This is our code for the basis pursuit and orthogonal matching pursuit algorithms for 2 dimensional signals, namely images. All of the code was written from scratch by members of the group, and was based on ideas drawn from our research. The code is shown below.
The two algorithms that we are concerned with are basis pursuit (BP) and orthogonal matching pursuit (OMP). What these two algorithms have in common is a requirement to use waveforms from a dictionary to represent an image. One advantage of these two algorithms is that they are very flexible in terms of the dictionary used, which in turn allows for faster, sparser compression. It has been previously shown that while OMP is a faster algorithm, BP yields a more accurate approximation.
Sparse approximation, defined as the practice of representing a given signal as a summation of elements from a dictionary of elementary signals, has traditionally only involved one basis - the canonical basis in which we perceive the world, the Fourier basis that is the foundation of the frequency domain, or the dct basis that is behind the modern JPEG image format.

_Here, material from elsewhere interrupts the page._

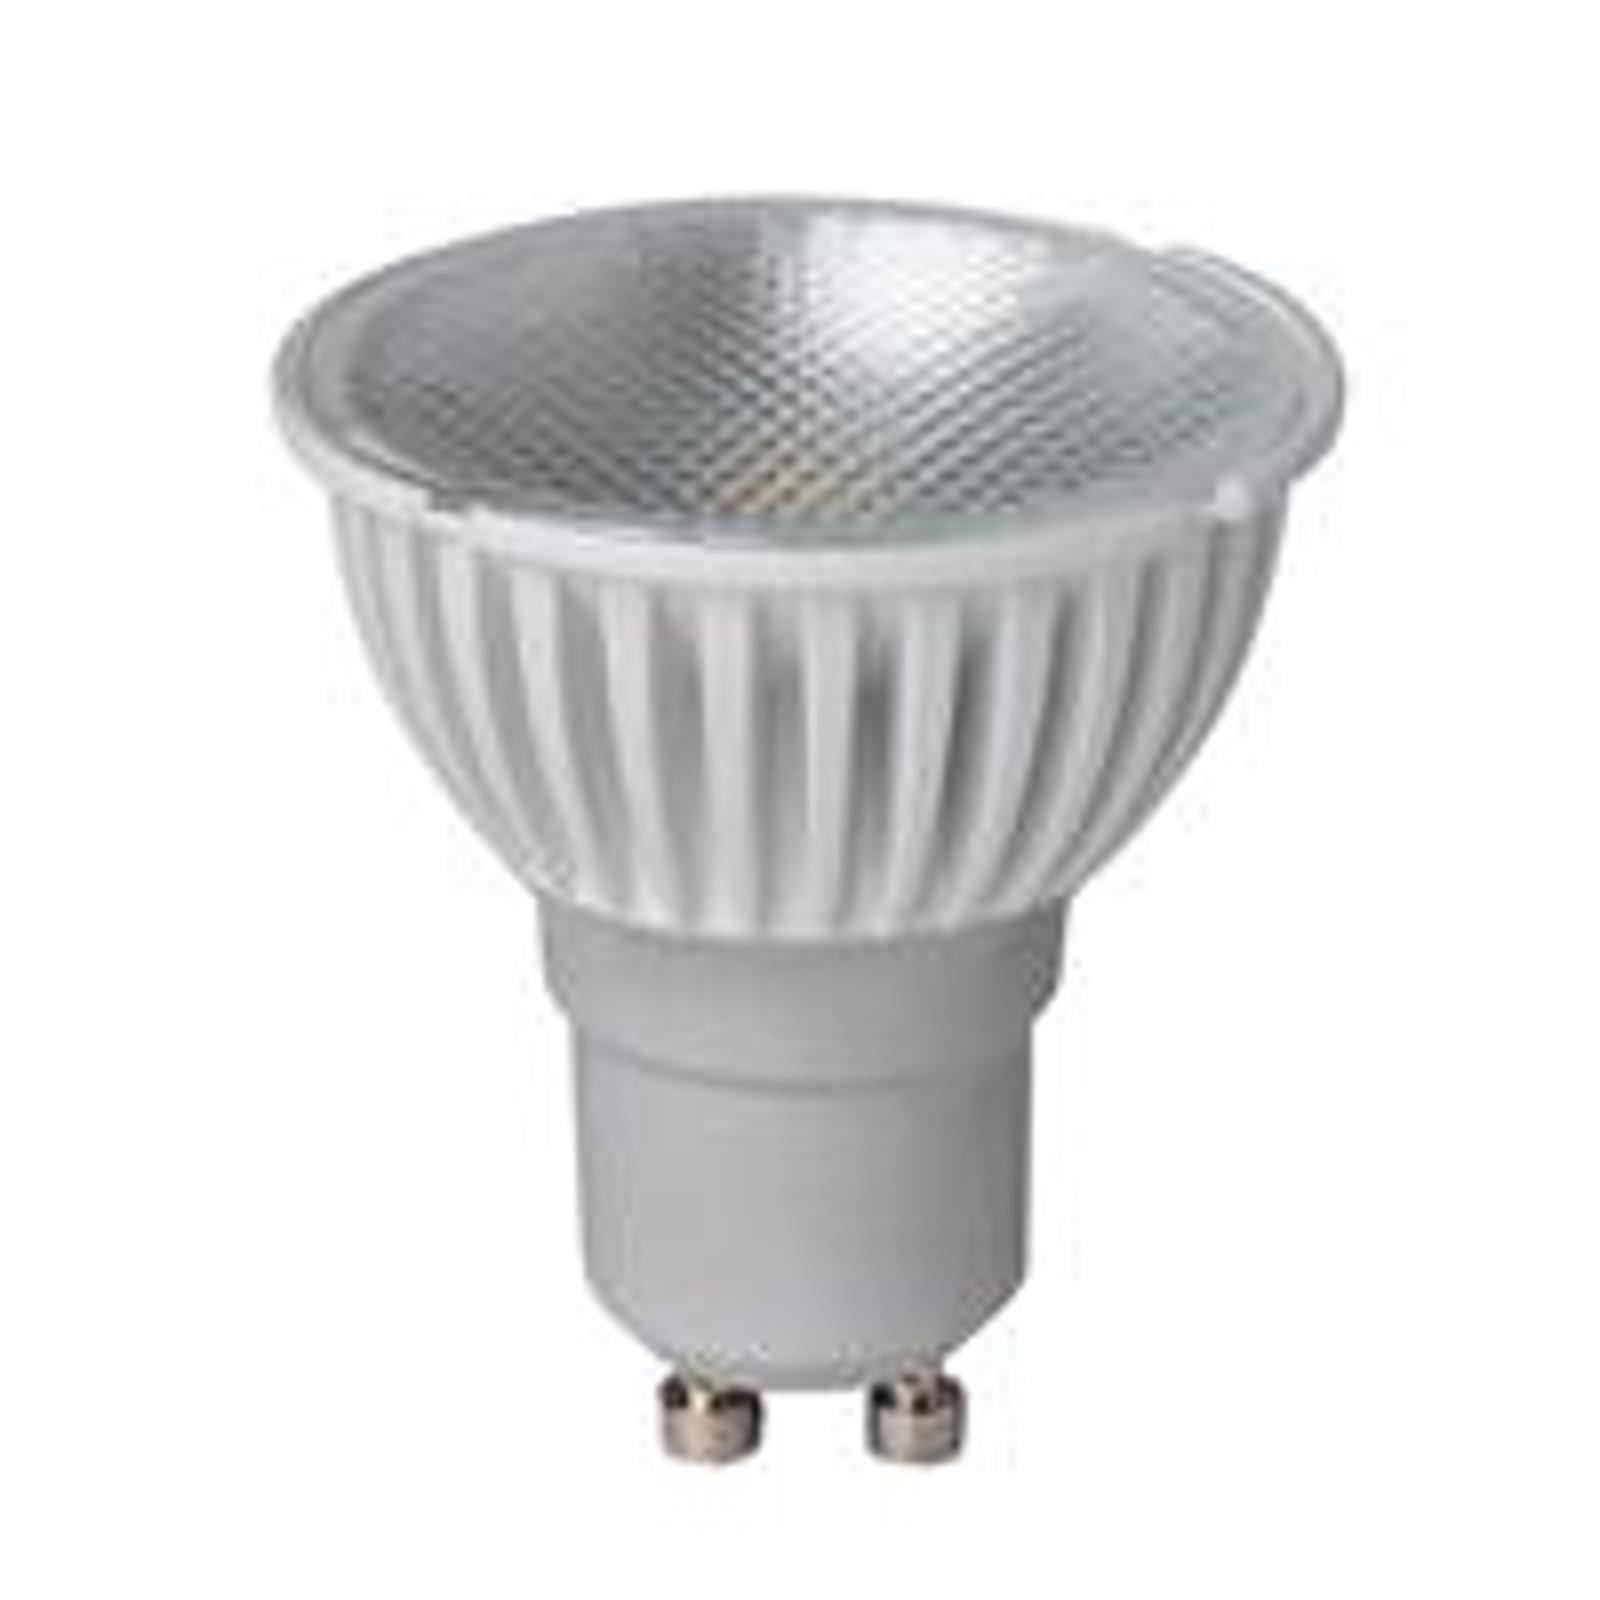 GU10 5,5W PAR16 828 LED reflektorpære 35°

However, recent thought has suggested that more accurate, faster methods for sparse approximation may instead be derived from a "combinational" basis, ie, a basis that consists of two or more bases concatenated onto each other. This resultant basis is often called an "overcomplete" or "redundant" basis, as there are always more vectors in the basis than the magnitude of the dimension of the space they span. Since they are redundant in this effect, the immediate problem would seem to be that there are then an infinite number of representations for any vector, or signal, in a space. Modern theory suggests that there are ideal algorithms for determining these transformations, in terms of number of computations and sparsity of the resultant representation; the two most prevalent being Basis Pursuit (BP) and Orthogonal Matching Pursuit (OMP).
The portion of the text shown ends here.